We combine a confusion matrix stage with best stage defined in the previous section. The final stage function will be contained in stage_cm variable:

stage_finetune=partial(all_multibert_finetune_rusentiment1, lr=min(learning_rates))
stage_cm=partial(bert_rusentiment_evaluation, stage=stage_finetune)

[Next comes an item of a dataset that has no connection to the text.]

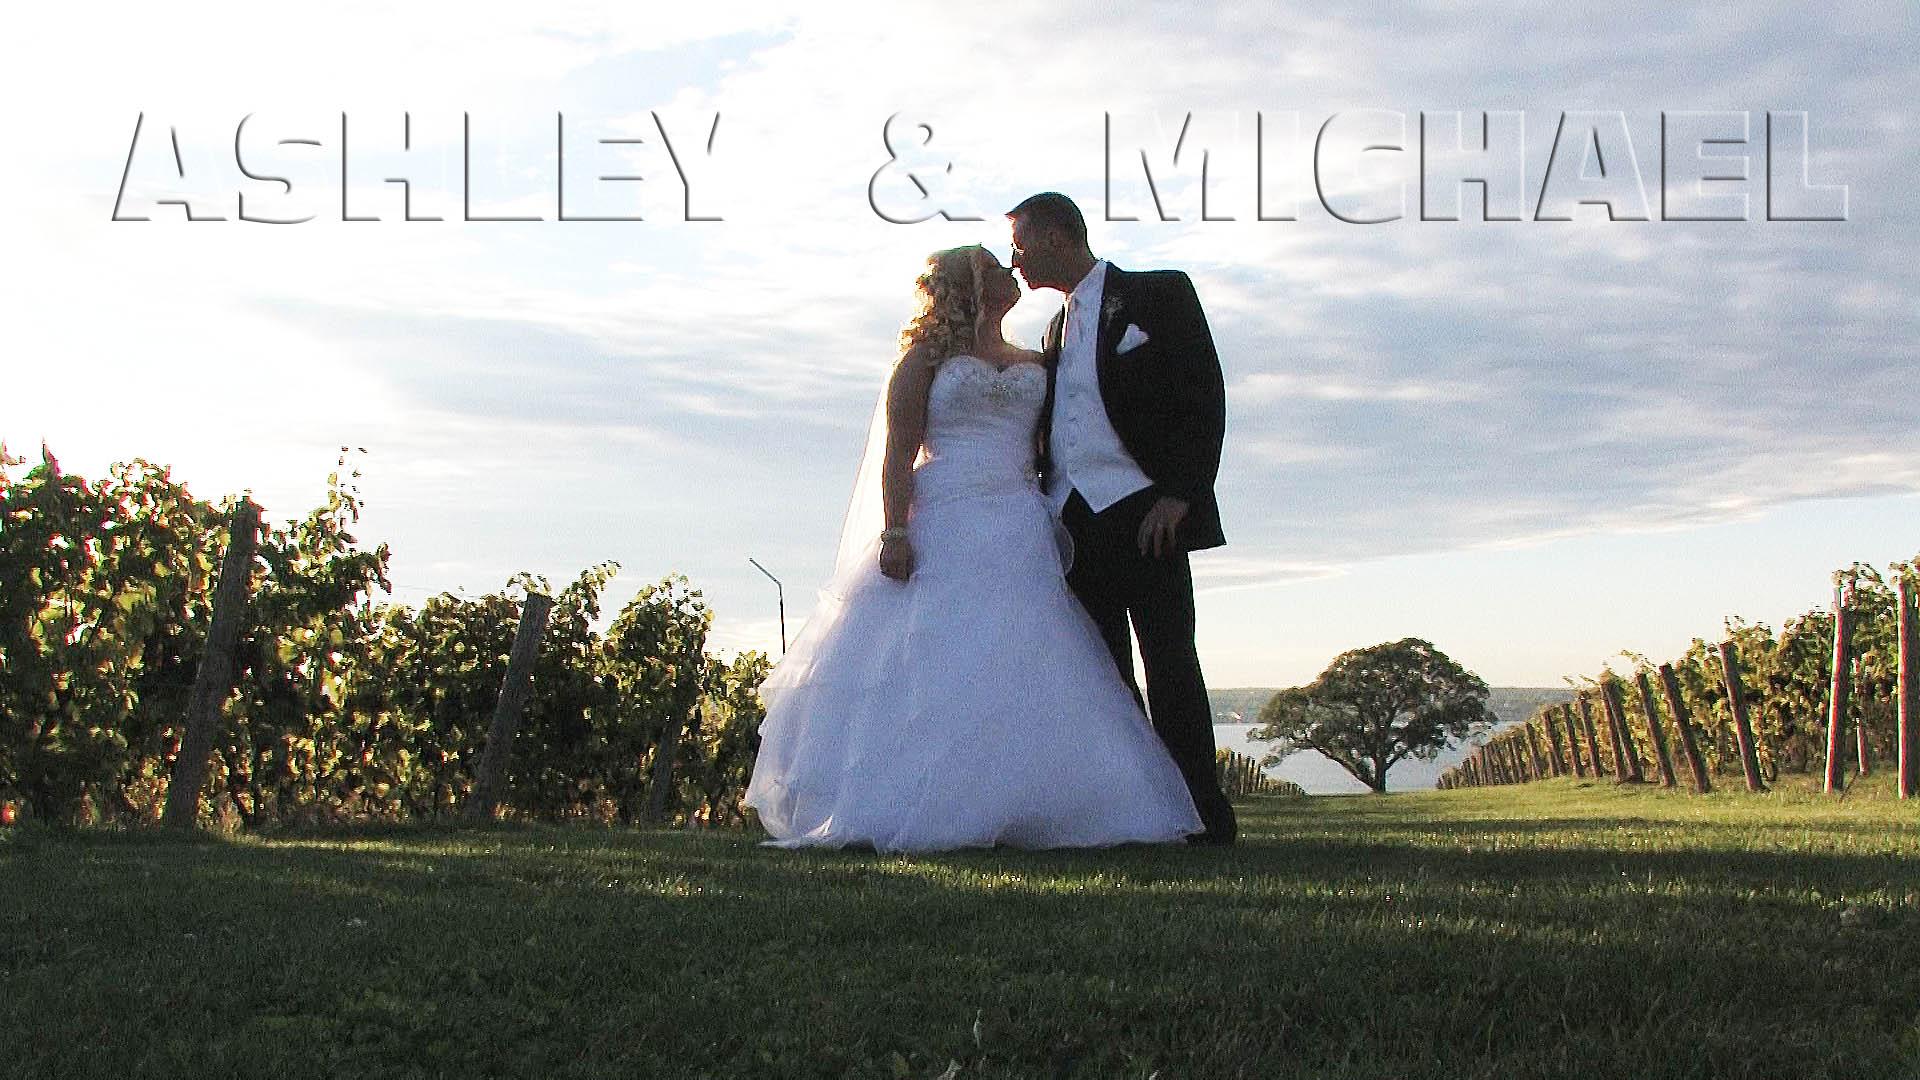 Michael & Ashley – Finger Lakes Wedding Video

Dependency graph of the combined stage became:

with prepare_markdown_image('cm_graph.png') as path:
  depgraph([stage_cm], path)

Finally, we realize the confusion matrix stage and print the matrix

rref=realize(instantiate(stage_cm))
data:dict={'label':[],'pred':[],'val':[]}
for l,items in readjson(mklens(rref).confusion_matrix.syspath).items():
  for l2,val in items.items():
    data['label'].append(l)
    data['pred'].append(l2)
    data['val'].append(f"{val:.2f}")

base=alt.Chart(DataFrame(data))
r=base.mark_rect().encode(
  y='label:O',x='pred:O', # color='val:Q'
  color=alt.Color('val:Q',
        scale=alt.Scale(scheme='purpleblue'),
        legend=alt.Legend(direction='horizontal')
  ))
t=base.mark_text().encode(y='label:O',x='pred:O',text='val:Q',
    color=alt.condition(
        alt.datum.val < 0.5,
        alt.value('black'),
        alt.value('white')
    )
)
altair_print((r+t).properties(width=300,height=300), 'cm.png')